Here is the actual architecture, if you want to build something similar:
-
Lock the frame. Identify what must be consistent across every output — style, tone, format constraints, negative space. Put these in a template. Make them non-negotiable.
-
Free the scene. Identify what must vary. Do not parameterize it with slots. Give the LLM a brief, constraints, and examples, then let it generate the whole thing.
-
Sanitize the output. LLMs will violate your constraints. Build a deterministic filter between the LLM output and the final artifact. Blocklists, regex, schema validation — whatever catches the failure modes you’ve seen.
-
Fall back gracefully. When the filter catches a violation, don’t fail the whole pipeline. Replace the bad piece with a safe default and keep going. Log the violation so you can tighten the prompt later.
-
Label everything. Every output file gets a header identifying which input produced it. When you’re staring at fifty-seven prompt files, you need to know which blog post each one came from without reading the scene description and guessing.
The key insight is about the division of labor between template and model. The template handles consistency — the things that should never change between outputs. The model handles creativity — the things that should always change. When you put creative decisions in the template, you get rigid output. When you put consistency decisions in the model, you get incoherent output. Put each kind of decision in the layer that is good at that kind of decision.
The meta-pattern is bigger than art prompts.
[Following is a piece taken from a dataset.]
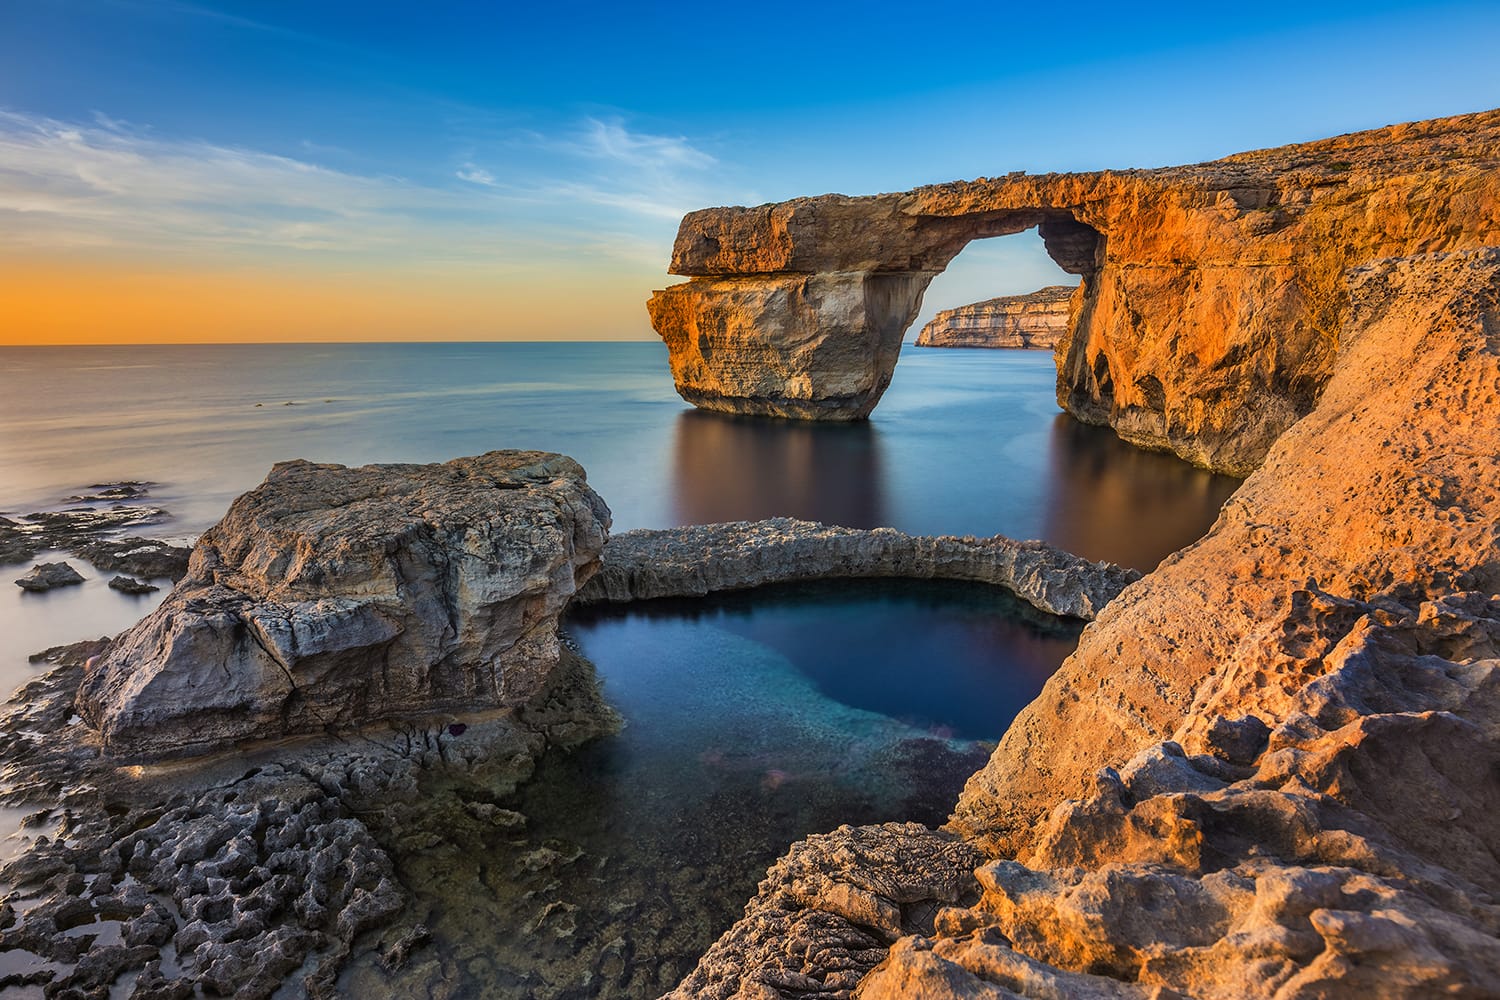 The beautiful Azure Window, a natural arch and famous landmark on the island of Gozo, Malta

Any time you use one AI to generate input for another AI — and this is increasingly the shape of real work — the question is the same: which model is the art director, and which model is the painter? Give the Diviner the canvas and the Fighter a checklist, not the other way around.
The art director needs context, judgment, and variety. The painter needs precision, consistency, and fidelity to the brief. If you make the art director fill in blanks on a form, you have hired an artist to do data entry. If you let the painter improvise, you get nineteen paintings that do not look like they belong in the same building.
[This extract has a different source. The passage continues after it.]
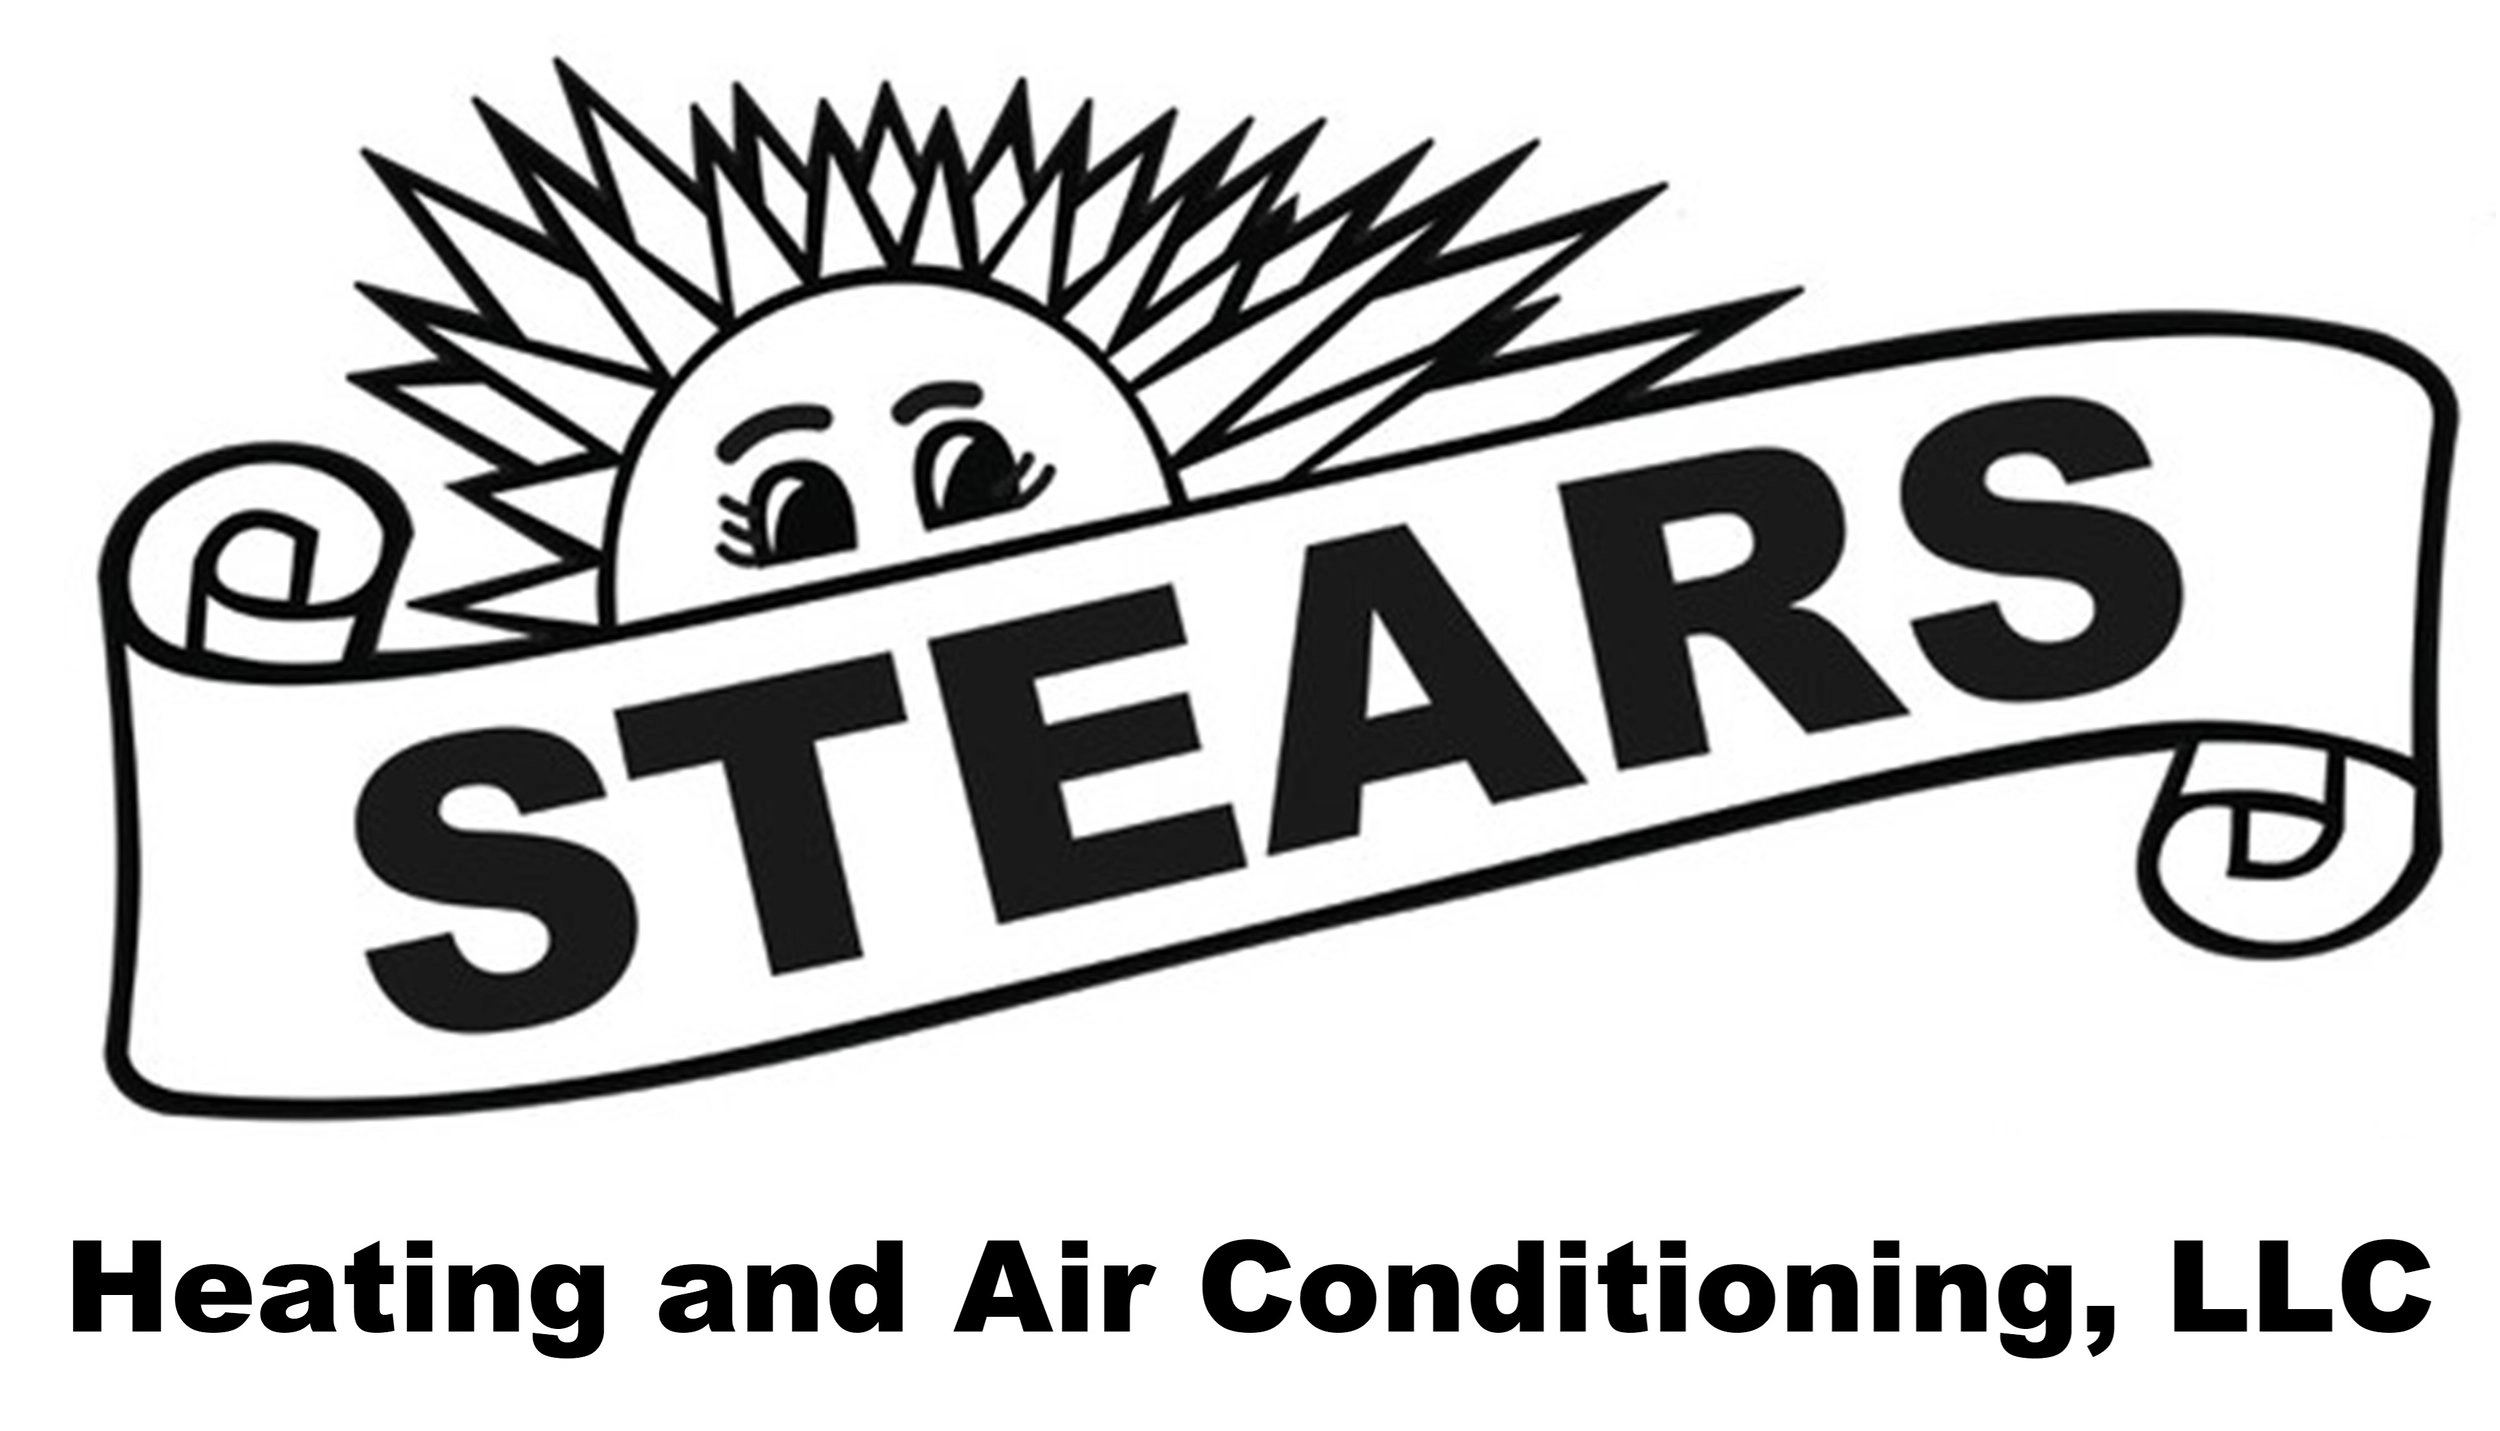 Stears Heating and Air Conditioning, LLC Logo

Templates are for consistency. Models are for creativity. When your output is monotonous, check whether you have the layers backwards.
I have nineteen hero prompts now. Each one describes a unique environment, tailored to the article it illustrates. The locked style blocks ensure they all look like the same series. The generated scenes ensure none of them look like each other. The blocklist ensures none of them contain the LinkedIn logo.
The LLM was always the better art director. I just had to stop giving it a coloring book and start giving it a canvas.